Answering one of the questions from the comments:

You can pipe the transfer through pv to get statistics about the transfer. It's a lot nicer than the output you get from sending signals to dd.

I will also say that while of course using netcat -- or anything else that does not impose the overhead of encryption -- is going to be more efficient, I usually find that the additional speed comes at some loss of convenience. Unless I'm moving around really large datasets, I usually stick with ssh despite the overhead because in most cases everything is already set up to Just Work.

larsks
  • 41,276
  • 13
  • 117
  • 170
  • 1
    Does the bs only affect the copy speed, or does it have an effect on how the data is stored? – Nick Feb 09 '12 at 01:29
  • 3
    It has no affect on how the data is stored, but it is vastly more efficient than using the default blocksize (of 512 bytes) for reading and writing. – larsks Feb 09 '12 at 01:32
  • Is it possible to pipe it through something that indicates progress? – Nick Feb 09 '12 at 01:48
  • 3
    @Nick: On Linux, you can send the `dd` process the `USR1` signal to make it display a status line with the amount transferred. Get the process number of your `dd` process with something like `ps aux | grep dd` and then use this PID with the command `kill -USR1 $PID`. The message will be displayed on the original terminal where you started `dd`. – Sven Feb 09 '12 at 02:30
  • 4
    You probably don't want to use a bs that large since it will just block writing to the pipe to ssh until it can transfer most of it to the network socket, during which time the disk will go idle. Since the default readahead size is 128k, you probably want to stick with that. Or increase the disk readahead size. – psusi Feb 09 '12 at 03:26
  • 2
    @psusi: The link Zoredache put as comment below the question demonstrated the opposite, they got the fastest result with 16M block sizes, but used netcat instead of ssh as transfer method, which is always a better option when encryption is not required. – Sven Feb 09 '12 at 03:52
  • 1
    @Nick: I've updated the answer re: your question above. – larsks Feb 09 '12 at 04:20
  • Thanks! At first I thought it took off without asking for the password on the other machine, but it was still waiting for a password even though the clock was running. Kind of counter intuitive. But still very nice not to have to wonder how much longer its going to be. – Nick Feb 10 '12 at 01:53
20

Here's an optimized version, which shows the progress using pv and uses BS for bigger chunks and also uses gzip to reduce the network traffic.

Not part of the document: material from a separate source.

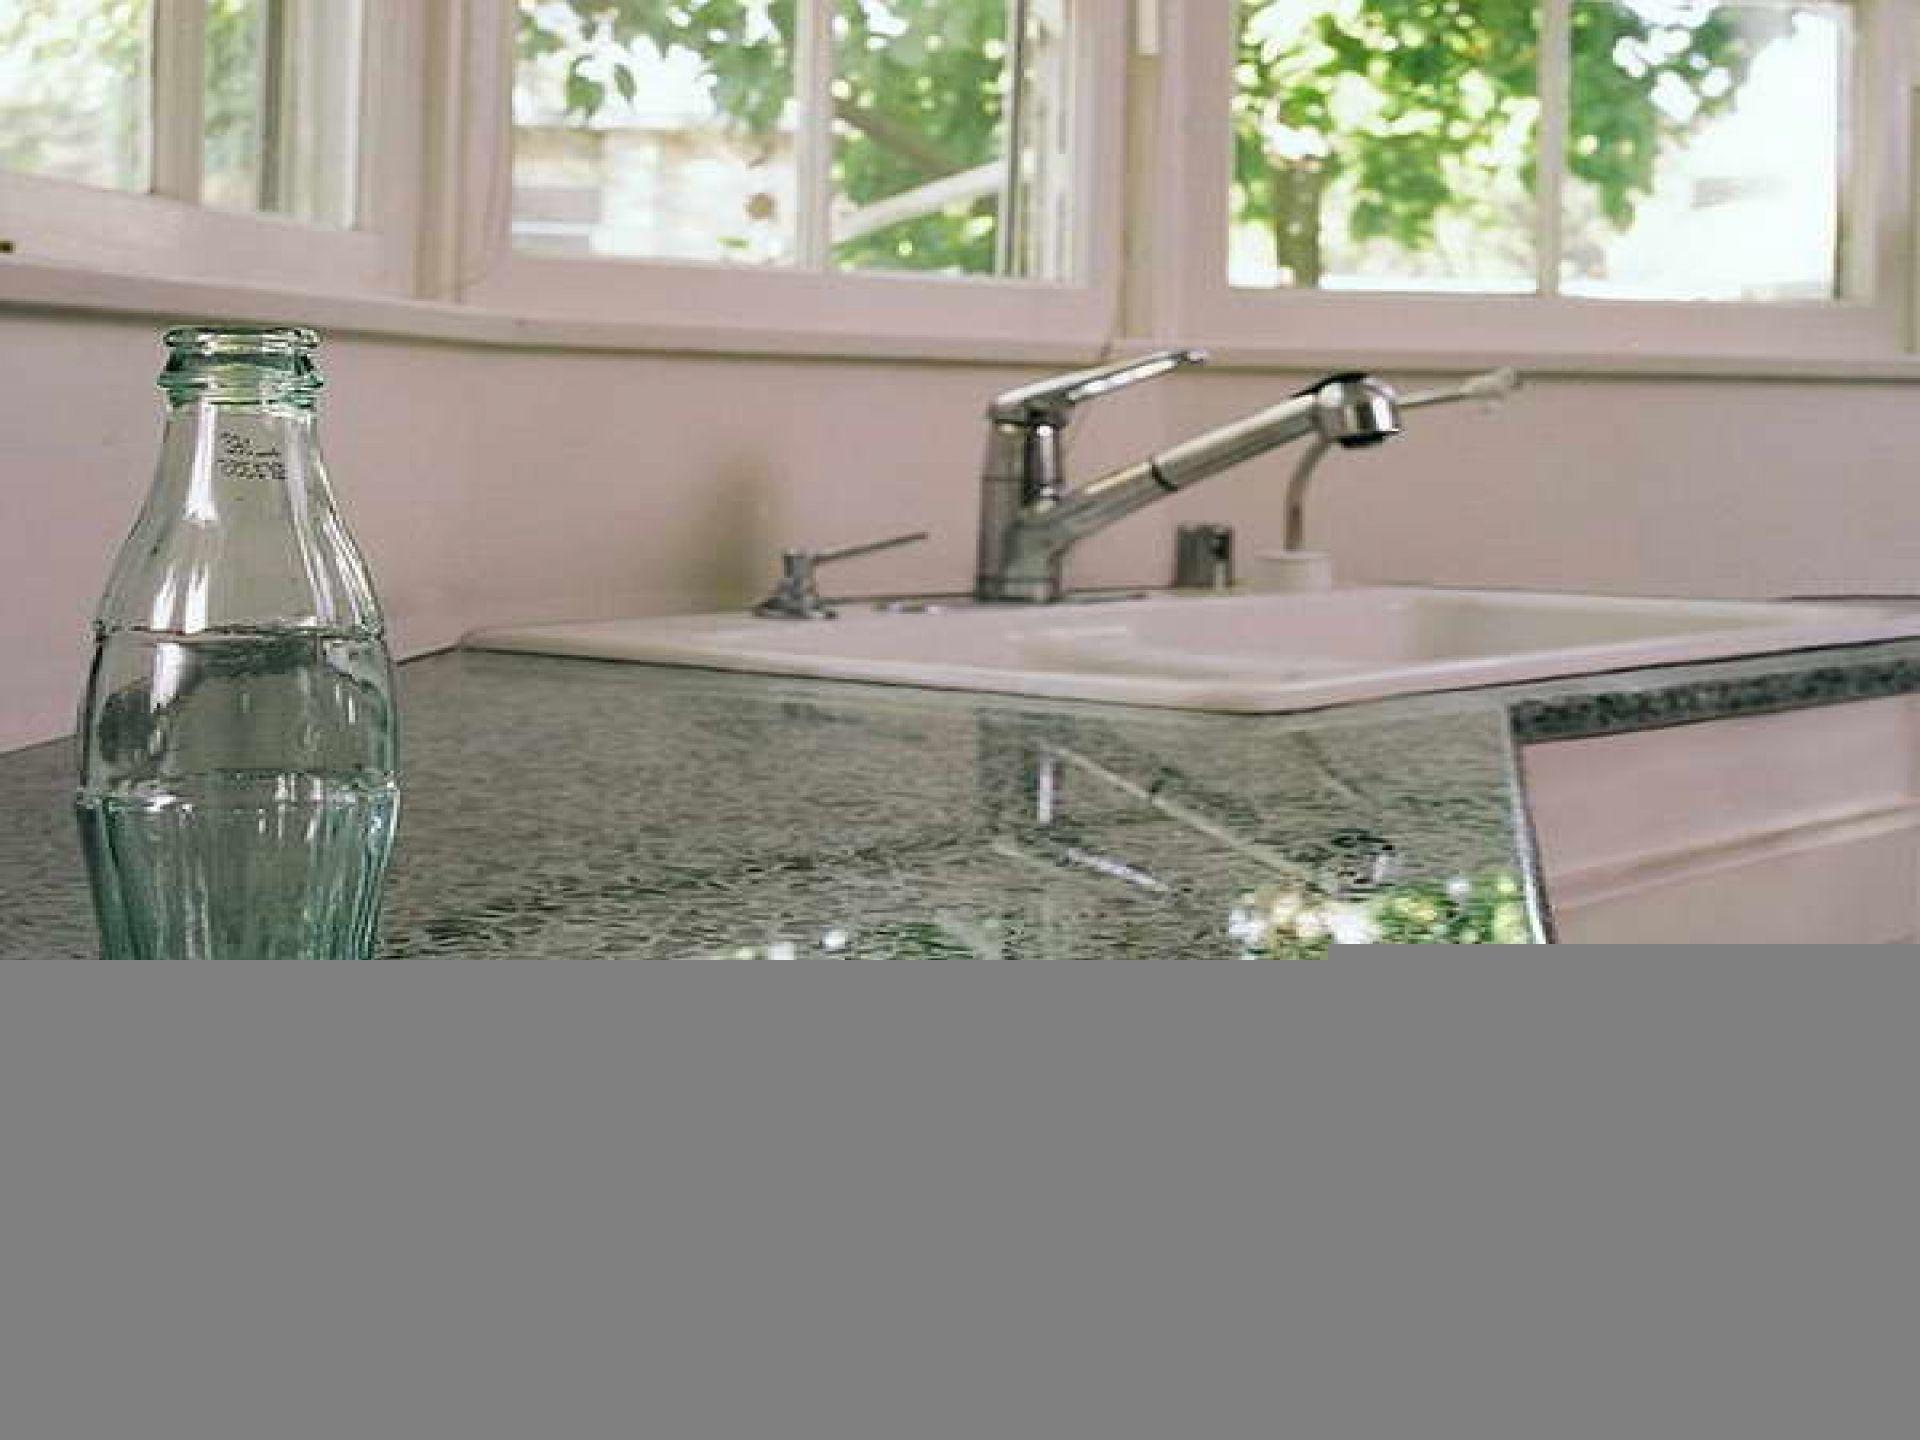 Inspiration Möbel Süße Weiße Porzellan Farhouse Waschbecken Auf Grün Glanz  Recycling Glas Arbeitsplatten In Kleinen Raum

That's perfect when moving the data between slow connections like internet servers. I recommend to run the command inside a screen or tmux session. That way the ssh connection to the host from where you execute the command can be disconnected without trouble.

$ dd if=/dev/volumegroupname/logicalvolume bs=4096 | pv | gzip | \
    ssh root@78.46.36.22 'gzip -d | dd of=/dev/volumegroupname/logicalvolume  bs=4096'
chicks
  • 3,639
  • 10
  • 26
  • 36
  • 2
    You could use `ssh -C` instead of `gzip`. I'm not sure if there's a performance impact, but it is a lot less typing. – Samuel Edwin Ward Mar 02 '14 at 16:47
  • 2
    I also suggest using either pigz or pxz -1 instead of gzip, the multithreading _really_ helps on any modern server. – sCiphre Aug 23 '17 at 09:30
  • `pv` can cause problems (in my exprience moving more 500 vps to others servers with this system) with number of bytes, and after this problem, lvm volumes are inconsistent. Beneficts of see progress of work are null and dangeorus. If you like see progress open a a console with ifto for example. – abkrim Jul 21 '18 at 06:18
  • Any way to do this the other way around, i.e. save the image into the current machine from a remote machine over SSH? – GeekTantra Aug 17 '22 at 11:05
  • I tried: `ssh 192.168.1.3 'dd if=/dev/vgubuntu/root bs=4096 | pv | pigz' > /root/test.img.gz` But this would not show any progress indicators while the image size increased. – GeekTantra Aug 17 '22 at 11:06
5

How about using an old freind to do this. NetCat.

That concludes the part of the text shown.